4 minute read
Solving 3D-flow equations for blood vessels
Text: Ties Martens
Advertisement
Inside blood vessels, plaques can form on the vessel walls leading to a narrowed passage for the blood to flow through. As the plaques grow bigger, the risk that the blood vessel will be clogged becomes larger. As you can imagine, whenever this happens inside blood vessel that supplies the brain with blood this can have serious consequences. This problem is called ‘carotid artery disease’ and it is one of the most common causes of stroke. Luckily, when this problem is detected there are ways to reduce the plaques’ size and to increase the blood flow through specific arteries. However, these are usually drastic surgeries that could have an impact on the patient’s health, so it would be nice if it was possible to detect whether a certain person is at risk or not.
Quantities of the blood flow like blood velocity, blood pressure and wall shear stress were found to correlate with plaque development inside an artery and are thus useful predictors to use when deciding whether surgery is recommended for a patient. Quantities describing this blood flow can be determined using methods like inserting a catheter into the blood vessel. However, of course invasive methods like these often have its complications and risks, and are often limited in accuracy because of real world influences.
Therefore, if non-invasive methods could have the same level of accuracy (or better), these would be preferred.
A possible approach would be to use MRI-scans of the blood vessels to find the shape of them, and modelling the blood flow inside these arteries by solving 3D-flow equations inside them using patient-specific estimates for the values of the boundary conditions. This is exactly what I have done in my Bachelor’s Assignment.
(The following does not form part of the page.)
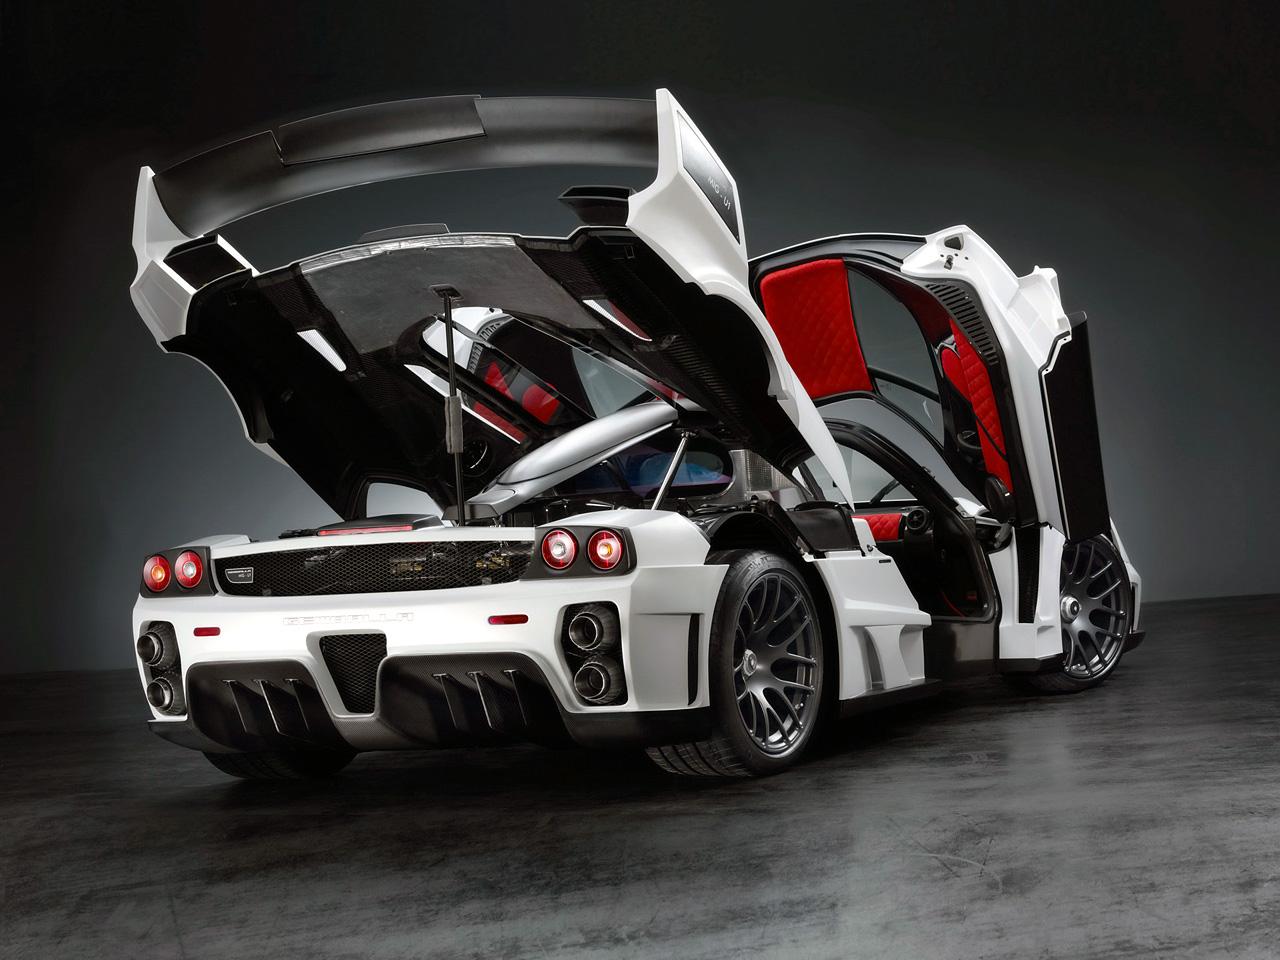 Wallpaper Mobil Sport Modifikasi: Gambar Modifikasi Gemballa MIG-U1 V12-2010

Constructing an artery model
The medical data obtained from MRI scans are in the form of a stack of pictures, where each picture shows a slice of the artery at a different height. To extract the position of the arterial walls from these pictures is a complicated task as the images are often of poor quality and because of branches in the artery. Luckily, Dieuwertje Alblas from the Mathematics of Imaging and AI department had already made a segmentation algorithm for this such that the starting point for my project was a dataset that contained slices of 32 points each, that describe the arterial walls of real patients.
The challenge now is to construct a 3D mesh that gives a better description of what the artery actually looks like based on these datasets of points. Of course, this can be done in a variety of ways which each have their advantages and disadvantages, and for my project I took a very basic approach in which all of these points inside a slice were connected with their two neighbours such that you get a set of rings. Two adjacent rings were then connected by pairing the two closest points inside these rings and forming a zigzag pattern. After the rings are all ‘sewn’ together like this, the created mesh is closed on both ends by interconnecting the points in the first and the last ring. Then, some heuristically found smoothing algorithms are applied that perform topological operations on the mesh to get to a more regular spaced and refined model. Finally, the interior of this mesh is being filled by generating tetrahedra’s inside the mesh.
Solving flow equations
The blood flow inside the artery can be described by its velocity (vector) and the pressure (scalar) at every point of the mesh. To find values for these we can solve the NavierStokes equations. These are a set of elaborate partial differential equations and no analytic general solution to these have been found. Therefore, a numerical approach is needed, where boundary and initial conditions can be found either from medical data of the patient or by using a generic value from literature. In my project I used the latter one and solved the Navier-Stokes equations using numerical solver software.
Results
All of these steps were performed on an example dataset and the results for this were visualized to give a nice indicative view of the blood velocity and pressure profile inside the artery. This method is promising as it gives qualitatively good solutions, but even though a lot of simplifications were made for this model, it still takes quite some computational time to calculate solutions. To speed up these computations, graph convolutional neural networks are an interesting future alternative to cut down on computation time and improve accuracy.